Hello folks! I'm just getting involved with L5R as a separate game, though I'm already familiar with the basics of Rokugan from 3rd Edition D&D's Oriental Adventures book from years ago. I've been reading the setting wiki, but I'm a little confused as to what is and isn't outdated as this latest edition of the RPG is a reboot of the setting. I had some questions about the Kuni family so I can better roleplay the character I've built for a game my friends have invited me to. I know the Kuni aesthetic, with the makeup and being experts on Shadowlands monsters and tainted stuff. But is the Kuni Purifier school of this edition the same thing as a Kuni Witch Hunter from previous editions?
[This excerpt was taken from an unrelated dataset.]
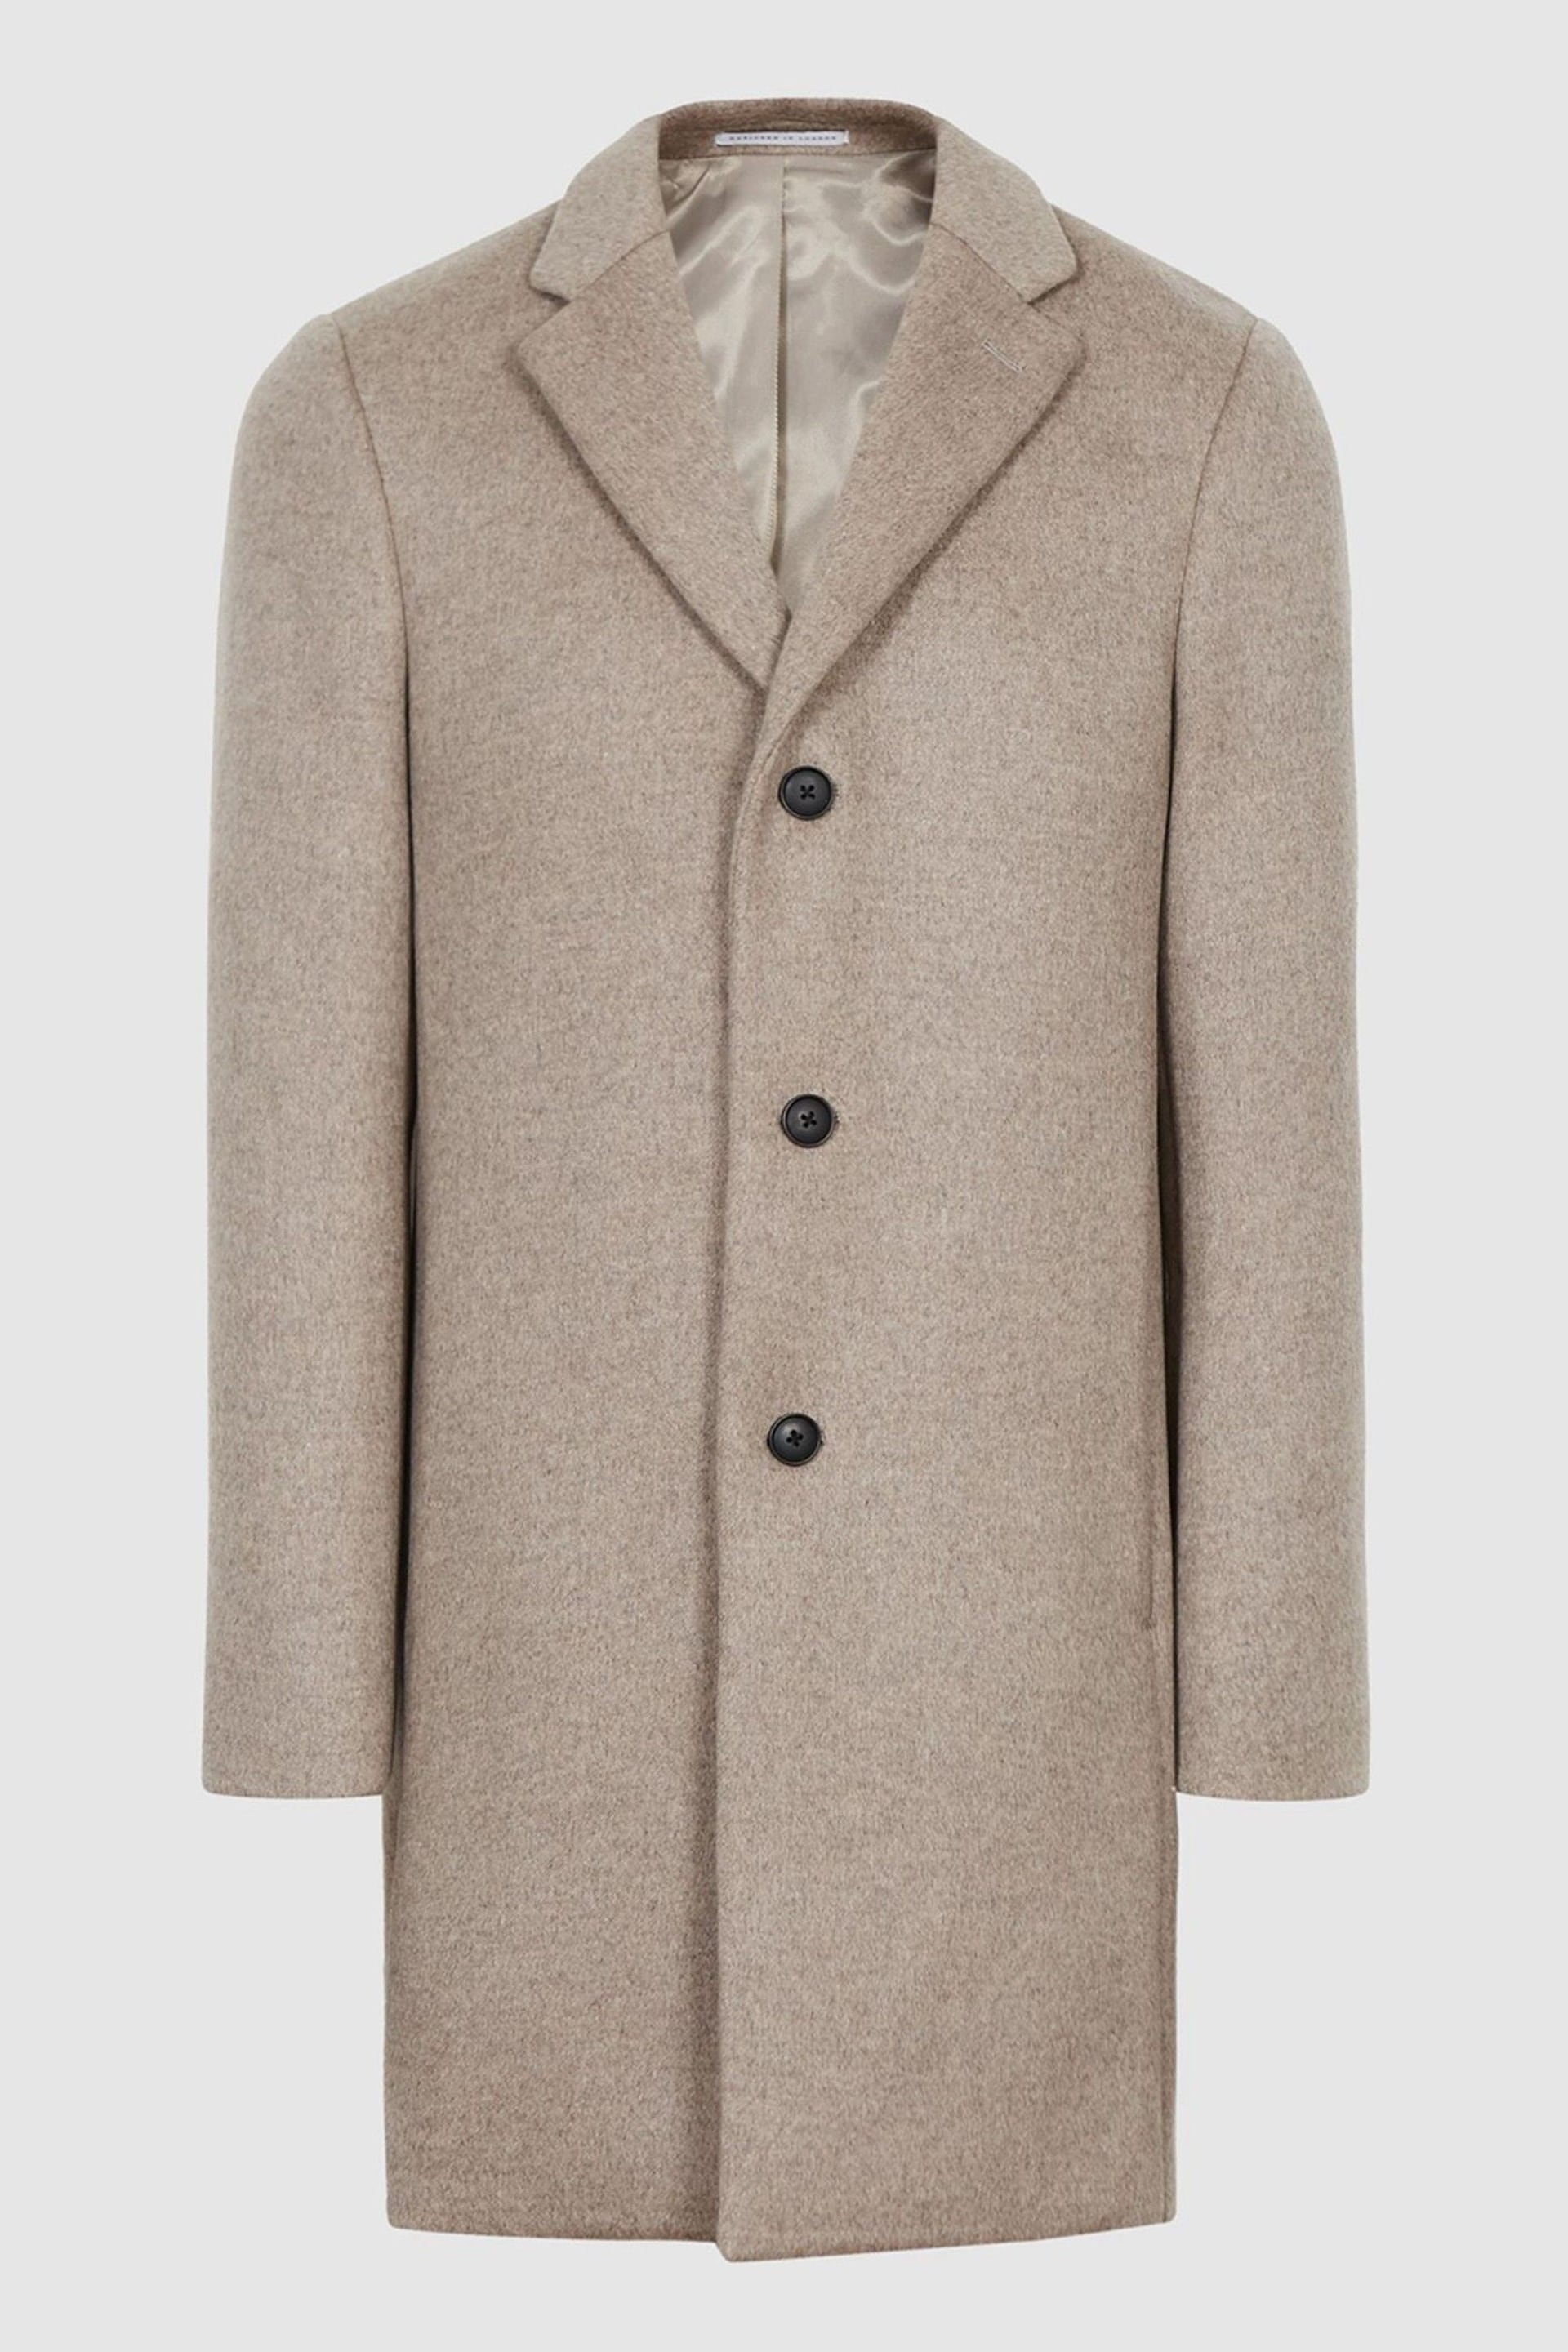 Reiss Natural Gable Wool Blend Epsom Overcoat - Image 2 of 5

Does this require my character to be celibate, like the article here suggests? If so, how do the Kuni get "new blood" so to speak? Do any Crab who show potential to be a shugenja just change their name to Kuni and become part of the "family," similar to how the Togashi work? How strict do I have to behave? And, possibly most importantly, can I balance the duties of a Kuni with pursuing glory as a sumo wrestler when I'm not hunting Bloodspeakers or tainted infiltrators?
Kuni Questions
The Witch Hunters are an elite force in the Kuni (now rendered as a title in the Shadowlands book), which is not necessarily limited to Shugenja. If you can, I recommend tracking down the Shadowlands splat because it also covers a lot of the basic but current overview of the Crab clan, but as of right now, there are two Kuni schools. The Purifiers in core are their basic Shugenja, they all know how to apply their abilities to fight the Shadowlands and are important members of the Crab Clan but are not automatically the actual Witch-Hunters, who will go out of their way to track maho or tainted artifacts across Rokugan. In Shadowlands non-shugenja Kuni might also become Kuni Wardens, a Monk school which basically reflects their very rigorous, aesthetic living and spiritual connections (which is a big deal because the Kuni provinces are a semi-dead wasteland right now) - and know how to physically manhandle the Tainted if needed.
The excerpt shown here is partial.